Его жена нанялась уборщицей в страховую компанию, владевшую большим зданием. Каждый вечер она убирала офисы.

Спустя несколько месяцев Иштван тоже нашел работу, правда в другом городе; он стал посыльным в ресторане, и хозяева были им довольны.

Но раз в неделю он отправлял сверток жене и детям. В свертке были продукты, украденные им в кладовой ресторана. Его обвиняли также в том, что он запускал руку в кассу, но он это отрицал, и это не было доказано.
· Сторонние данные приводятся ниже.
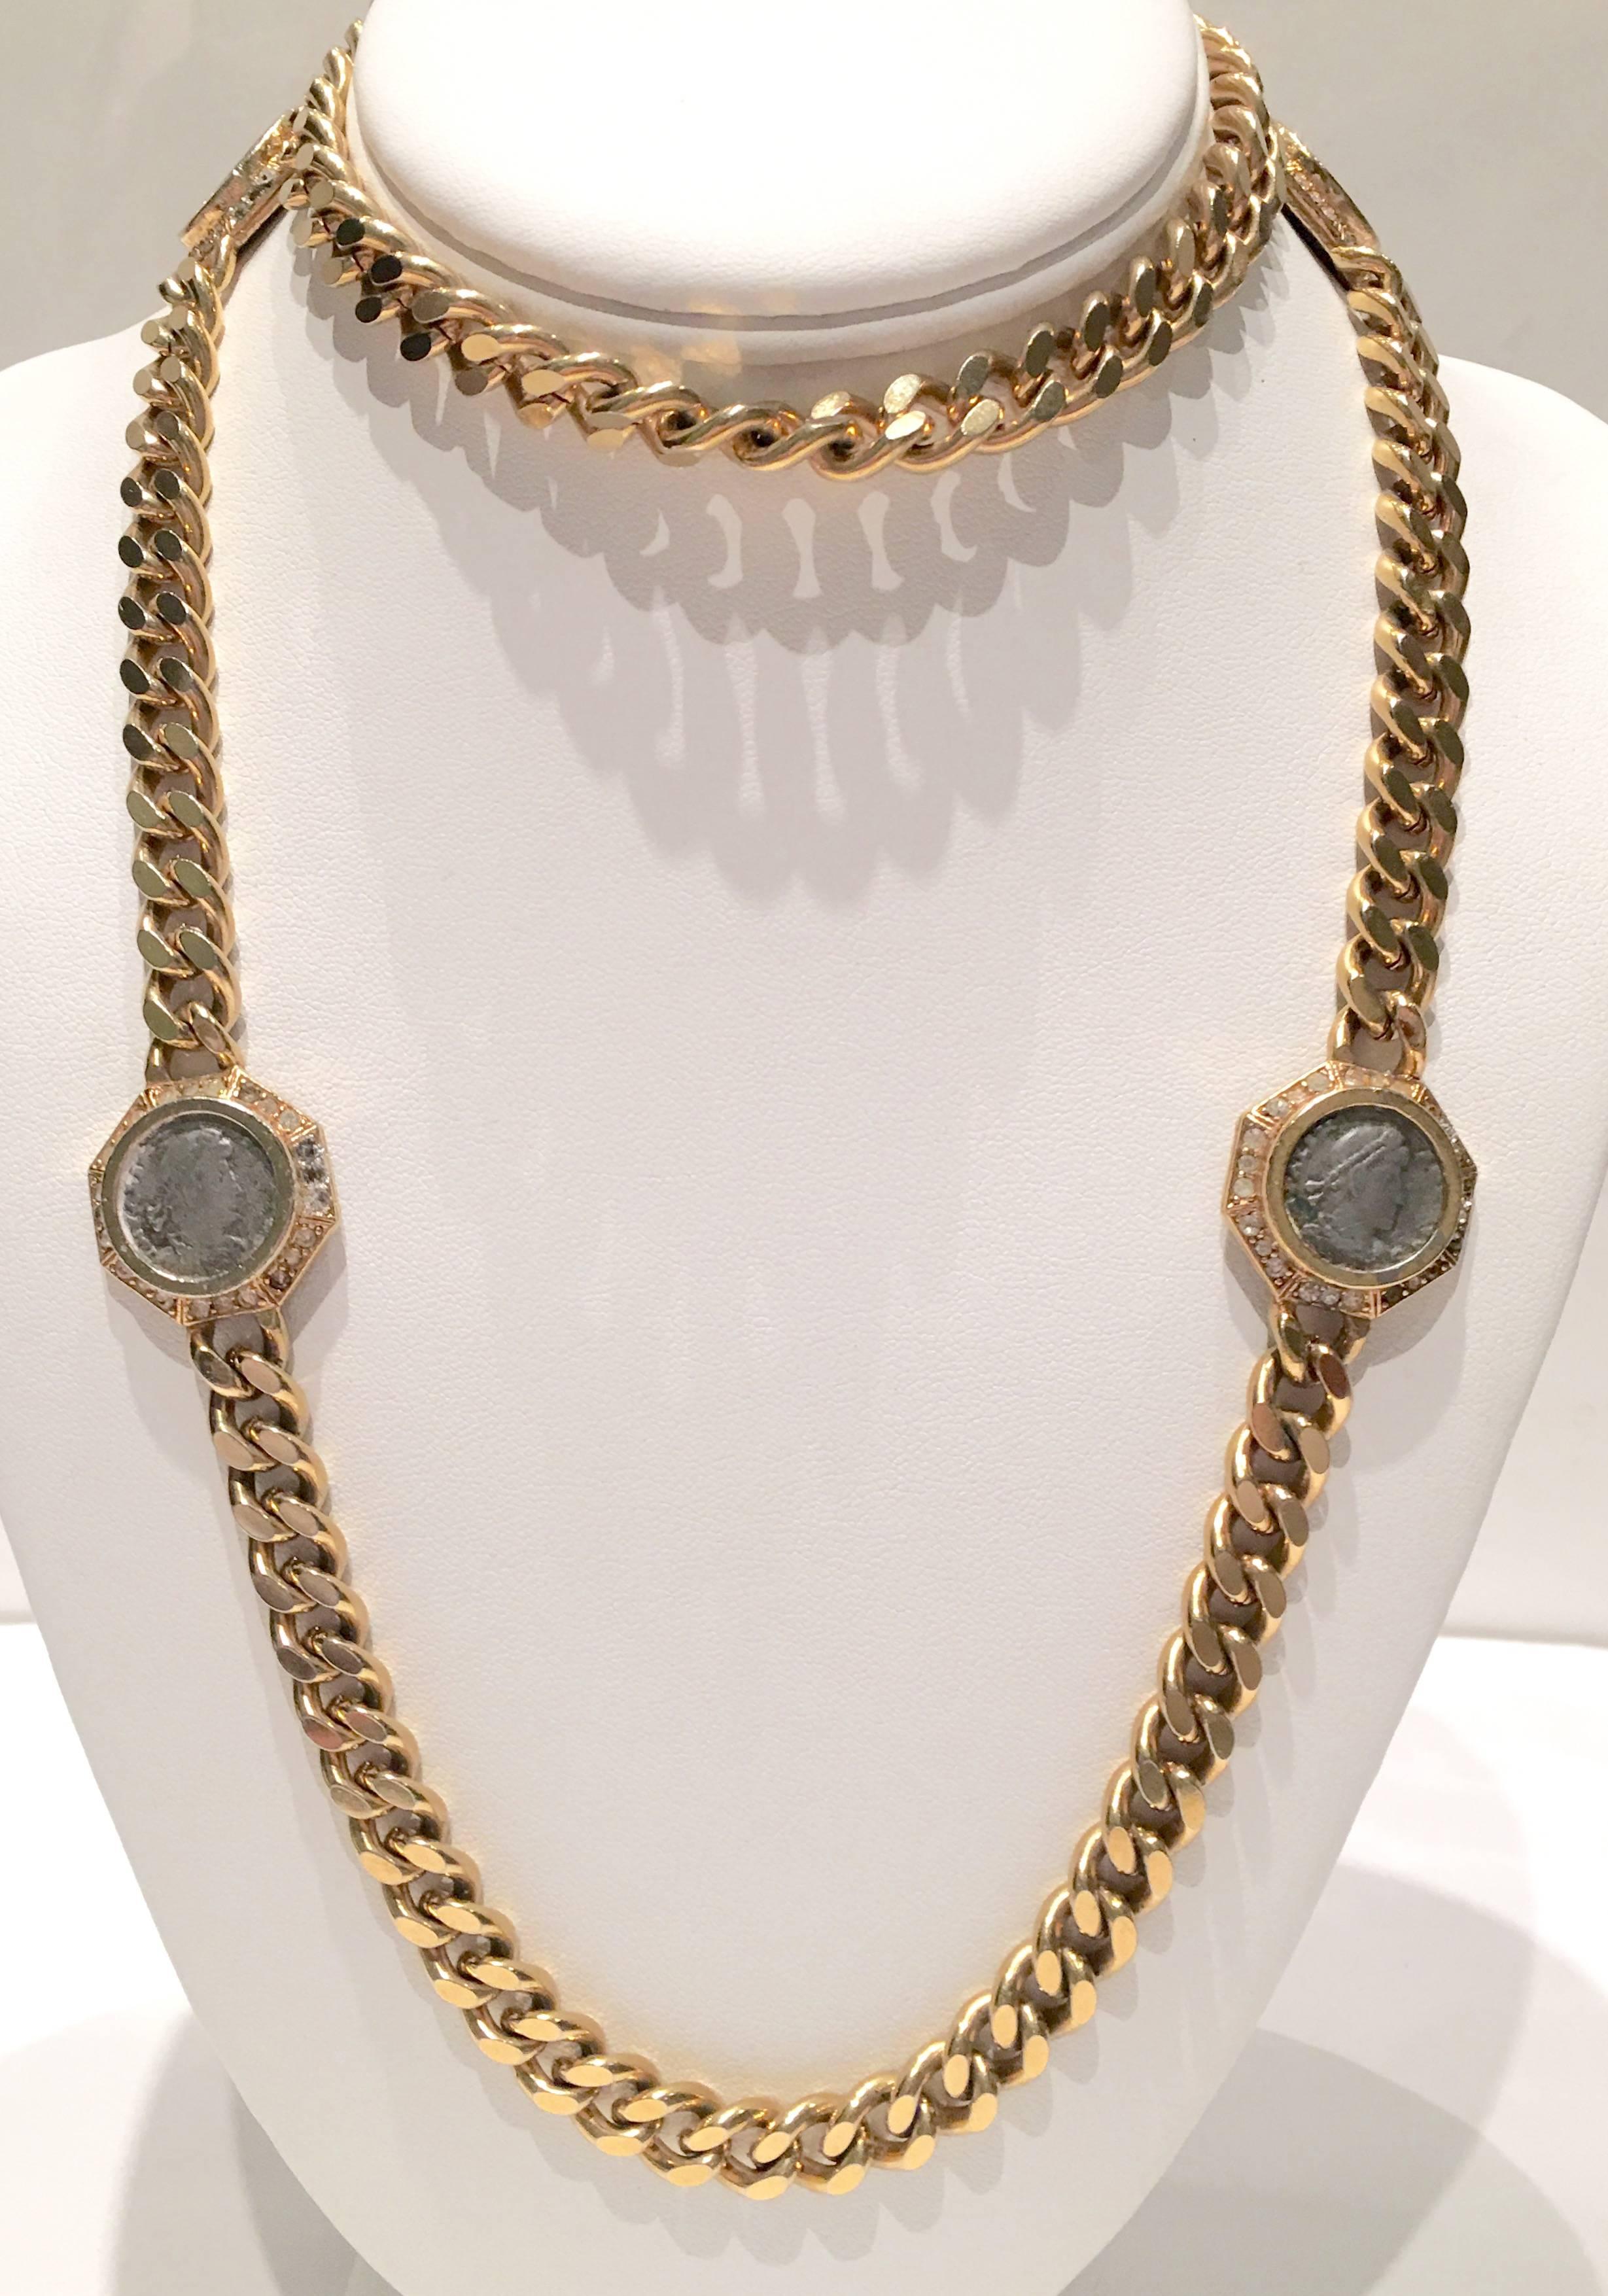 Vintage Ciner Opera-length 18K yellow gold-plated chain link rope necklace with pewter faux-Roman coins surrounded by pavé set Austrian crystal clear rhinestones. Each of the four 1
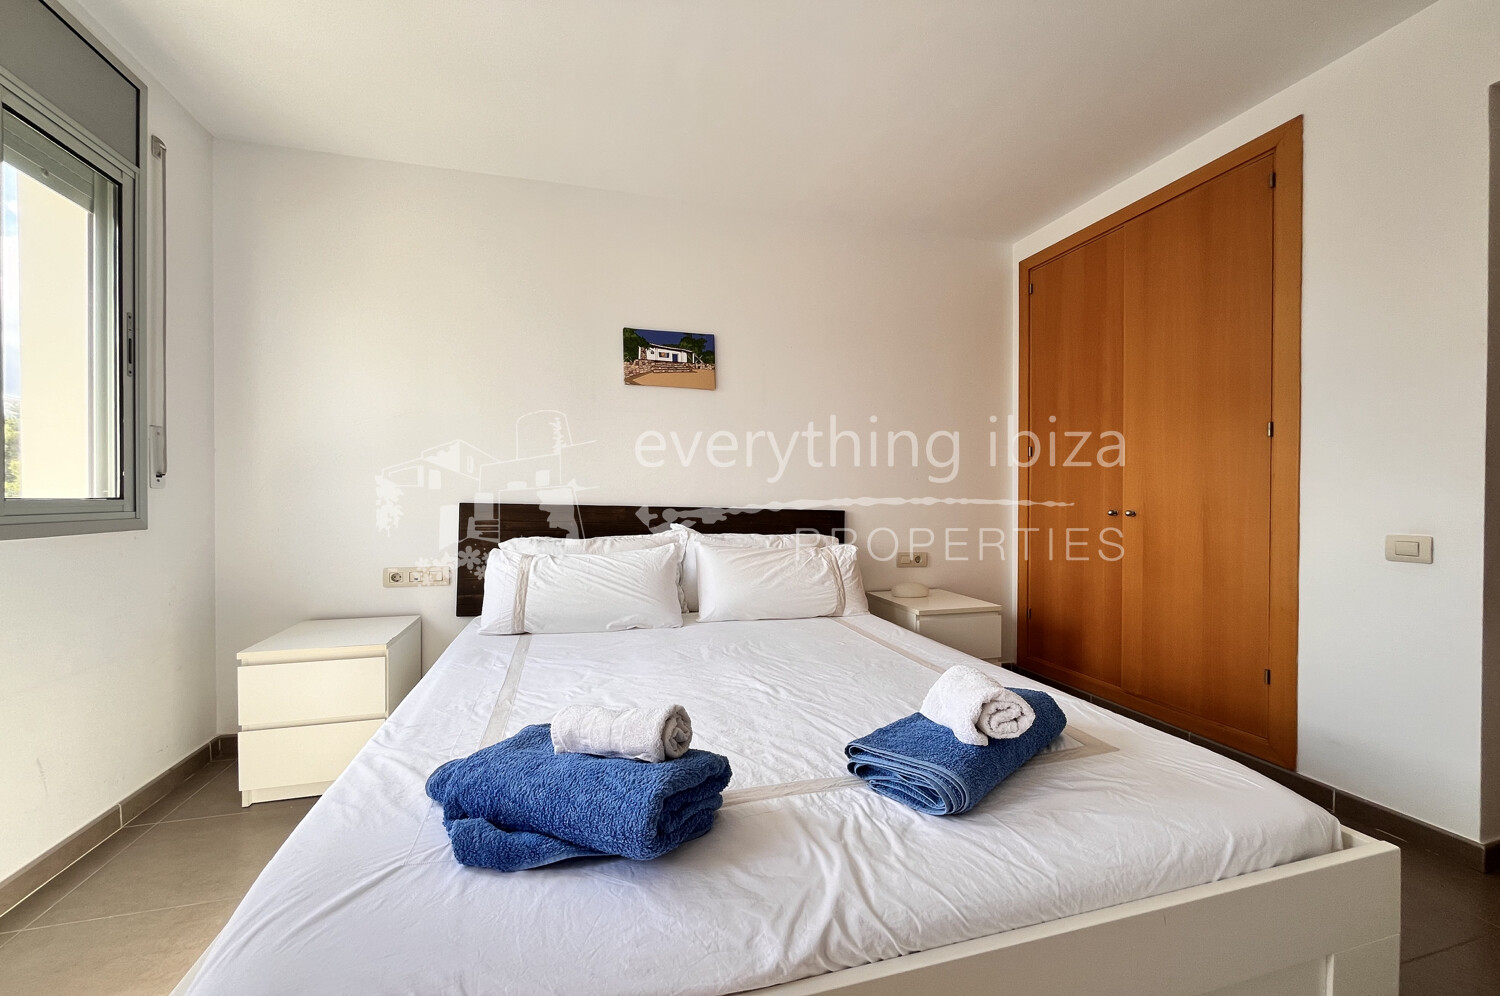 Beachfront Contemporary Apartment Close to the Coastline & Beaches, ref. 1701, for sale in Ibiza by everything ibiza Properties

Однако в тот день на суде речь шла не только о мелком жульничестве. Будучи заключен в тюрьму в ожидании процесса, он в один прекрасный вечер оглушил сторожа, сбежал и явился к себе домой. Жена была на работе, дети спали. Иштван хотел дождаться жену, чтобы бежать всем вместе, но полицейские опередили его.

— Вы приговариваетесь к восьми годам заключения за нападение на сторожа. Я перевел. Иштван взглянул на меня:

— Восемь лет? Вы правильно поняли? Сторож ведь не умер. Я не хотел его убивать. Вот он сидит, живой и здоровый.

— Я ведь только переводчик.

— А моя семья, что она будет есть эти восемь лет? Что станется с моими детьми? Я ответил:

— Ничего, вырастут.

Охранники уводят его. Жена падает в обморок.

После суда я провожаю своих земляков до бистро, которое они посещают с самого их приезда сюда. Это многолюдное, шумное кафе в центре города, недалеко от моего дома. Мы пьем пиво и беседуем об Иштване.

— Ну и дурак же он, что вздумал дать тягу!

— Не будь этого, отделался бы несколькими месяцами.